The carrier has joined numerous other airlines in trying to find capacity and try to minimise the damage caused by the aircraft’s continuing problems.
“I am confident about the Max, and our pilots are confident about the Max,” chief executive Gary Kelly tells analysts on the company’s earnings call on 23 January. “The timing remains uncertain, and we are working through all that right now.”
Kelly says that 2019 full-year operating profit was $828 million – or 28% – lower than had the Max been flying in the airline’s all-737 fleet. “The grounding of 75 of our airplanes, or about ten percent of our fleet, presents a crisis-like challenge for our team.”
The Dallas-based carrier’s net profit in the full year 2019 fell to $2.3 billion from $2.4 billion in 2018. In the final quarter of 2019, net profit hit $514 million, down 21% from $654 million in the same quarter a year ago. Full-year revenues rose to $22.4 billion from $21.9 billion, up 2.1%. In the fourth quarter alone, Southwest had revenue of $5.7 billion, flat from the year-ago quarter.
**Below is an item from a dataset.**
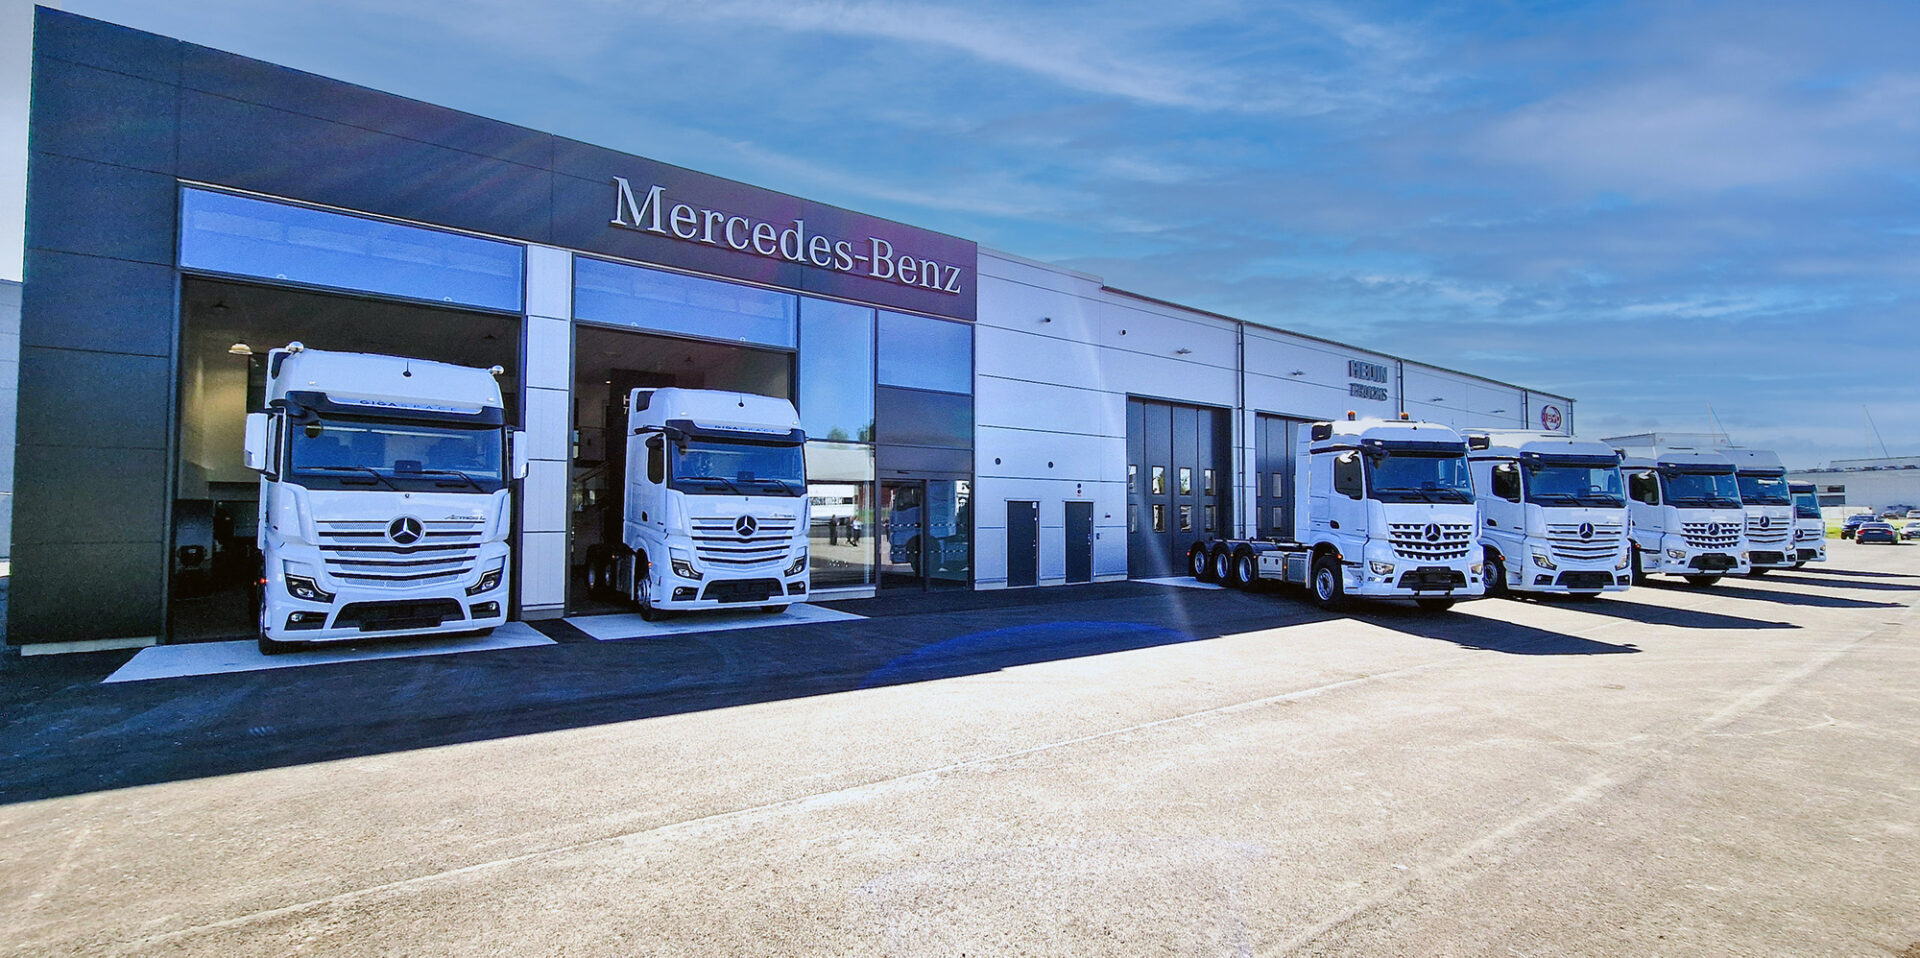 Hedin Bils nya Mercedes-Benz Lastbilsanläggning i Linköping har verkstadsplats för tio lastbilar och får snart Sveriges första Megawattladdare för el-lastbilar. Foto: Veho

The airline has taken the aircraft out of its schedule until 6 June, but will likely have to extend that as more information becomes available, executives say. In order to reduce some of the fleet deficit created by the lack of the newer generation, lower-fuel burn 737 Max aircraft, the airline is planning on postponing 7 of 18 retirements of older 737-700 aircraft this year. These will fly 2 more years, chief financial officer Tammy Romo says.
“We are also monitoring the used 737 aircraft market because seat growth is not keeping up with demand and we are losing share,” Kelly says. “We plan to aggressively recapture that once the Max is ungrounded.”
Currently, Southwest is not looking to lease additional aircraft, he adds. “Everything is predicated on our assumption that this is a short-lived issue, and not something that we will have to deal with for years.”
Southwest currently has 34 Max aircraft in its fleet, all of which are in storage in Victorville, California. It had had expected to have about 75 Max in the fleet at the end of 2019, and another 38 deliveries of the aircraft in 2020. At the moment, all of these plans are on hold.
The airline has settled with Boeing for an undisclosed amount for the 2019 losses, but hopes to come to another agreement for 2020. Kelly says he is “pleased” with the confidential compensation agreement Southwest and Boeing have signed for last year’s losses, and the airline is continuing discussions with the plane-maker.
“There were years when we had a dozen problems to solve. Right now we have one problem, and it’s a serious one,” Kelly says. “Dogpaddling for a year has cost us customers. It’s not anything we can mitigate until we get airplanes and can grow again. Do I think we’ve been harmed? Absolutely. Everyone knows we will seek further compensation from Boeing,” he adds.
Chief operations officer Mike Van de Ven says that the airline’s 34 stored Max will have to go through some maintenance work before they are once again ready to go into revenue service. 27 further aircraft have been built and are being stored at Boeing facilities.